Four years ago this week the President of the Family Division Sir James Munby issued his practice guidance Transparency in the Family Courts, requiring an increased number of family court judgments to be published, in order to counter the charge that the family courts operate a system of secret and unaccountable justice. And so the age of transparency was ushered in: no longer would family cases be decided behind closed doors, the public would be given full access to the details of cases, so that they could see why the courts make the decisions that they do.
Except that it’s not quite like that.
As I’m sure I’ve pointed out here before, one of the problems with greater transparency is that the media aren’t interested in the vast majority of cases that go through the family courts.

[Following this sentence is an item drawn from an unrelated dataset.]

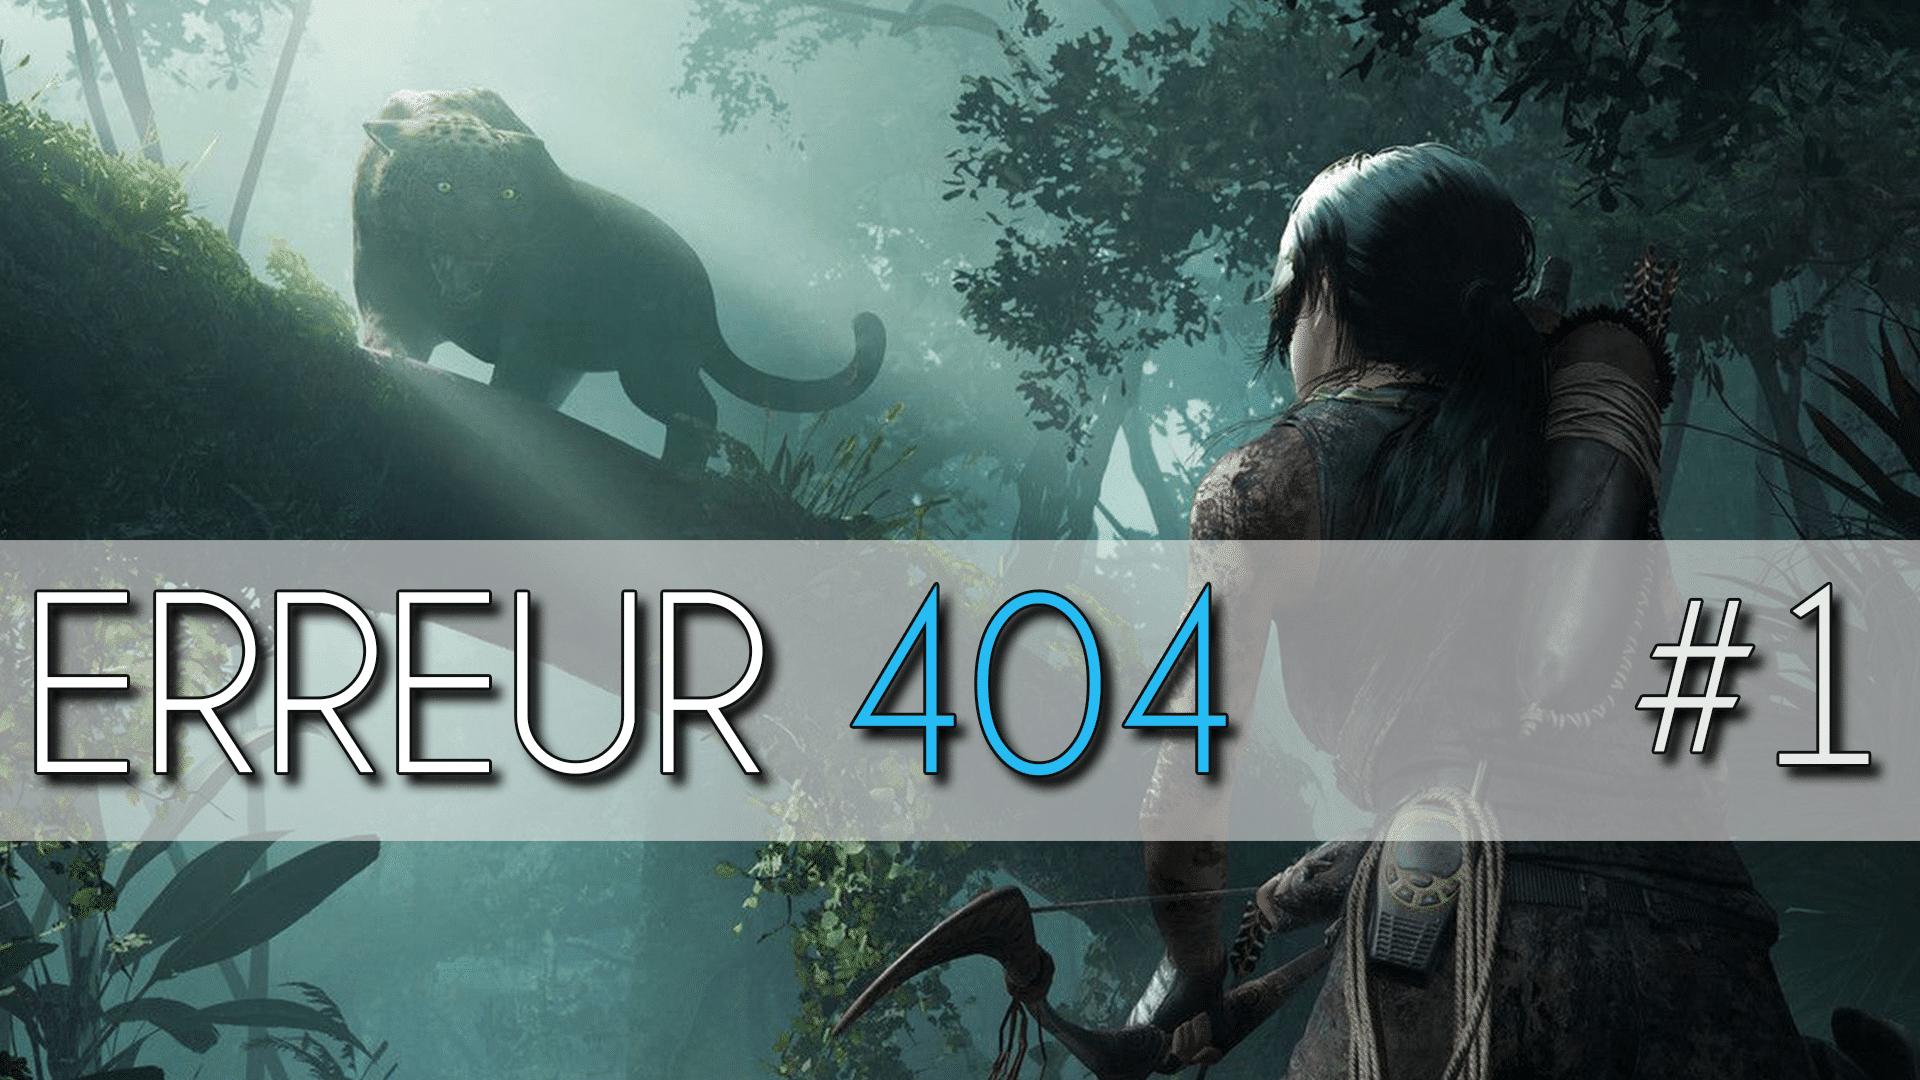 ERREUR 404 NUMERO 1

The public never gets to hear about those cases, and why they were decided in the way that they were. The primary focus of the media’s interest in the business of the family courts is cases involving celebrities.
There never seems to be a time when at least one celebrity divorce is not making the headlines. In just the last couple of weeks there have been two high-profile celebrity divorces that the media have voraciously lapped-up, in order to fill goodness knows how many column-inches. And of course the media happily churns out all the gory details of the cases, because it is just those details that the public wants to read about. What did the parties get up to that led to their marriage breakdown? How much money is involved, and who is going to get what? This is the sort of vital information that sells newspapers.
Quite rightly, a number of family lawyers have responded to these stories on social media and elsewhere with some righteous indignation. It is none of our business, they say, why these marriages broke down, or what the financial settlement was. These are private matters that the public has no entitlement to know.
Hold on a minute, I hear you say, aren’t these the same lawyers who, over the last four years, have supported the President’s transparency drive? Well, yes, many of them are.
So, how can they say on one hand that there should be more openness in the family courts, and on the other hand that there should still be privacy? Isn’t there a contradiction here?
I’m quite sure that the lawyers would say that there isn’t any contradiction. The two things are separate. On the one hand, transparency is about letting the public know how the courts operate, so that any discussion about the rights and wrongs of the system can be informed by the realities, rather than ignorant misconceptions of what happens behind closed doors. On the other hand, surely those who are unfortunate enough to find themselves embroiled within that system are entitled to be spared the indignity of their private affairs being used for public titillation? After all, we are all entitled to privacy – why should it be any different just because we are involved in court proceedings? As I have explained before, there is a big difference between secrecy and privacy – it is quite possible for secrecy to be ousted whilst privacy is kept.
Will that explanation be sufficient to satisfy those who may say that these lawyers are being two-faced? After all, if the law requires proof of ‘unreasonable behaviour’ before granting a divorce, aren’t the public entitled to know what that behaviour was? And how can the public understand that a financial settlement was fair, without knowing all of its details? Each time the law says that some detail or details of a case must not be made public there are those who cry: ‘secret courts!’
Personally, I don’t suffer from any schizophrenia, at least when it comes to the transparency/privacy debate. I have always favoured the side of privacy. I have no interest in the personal affairs of others, and don’t mistrust decisions simply because they are made behind closed doors. But then, I am of course an ‘insider’, who knows just how the system operates, without having to rely upon what I read or hear in the media.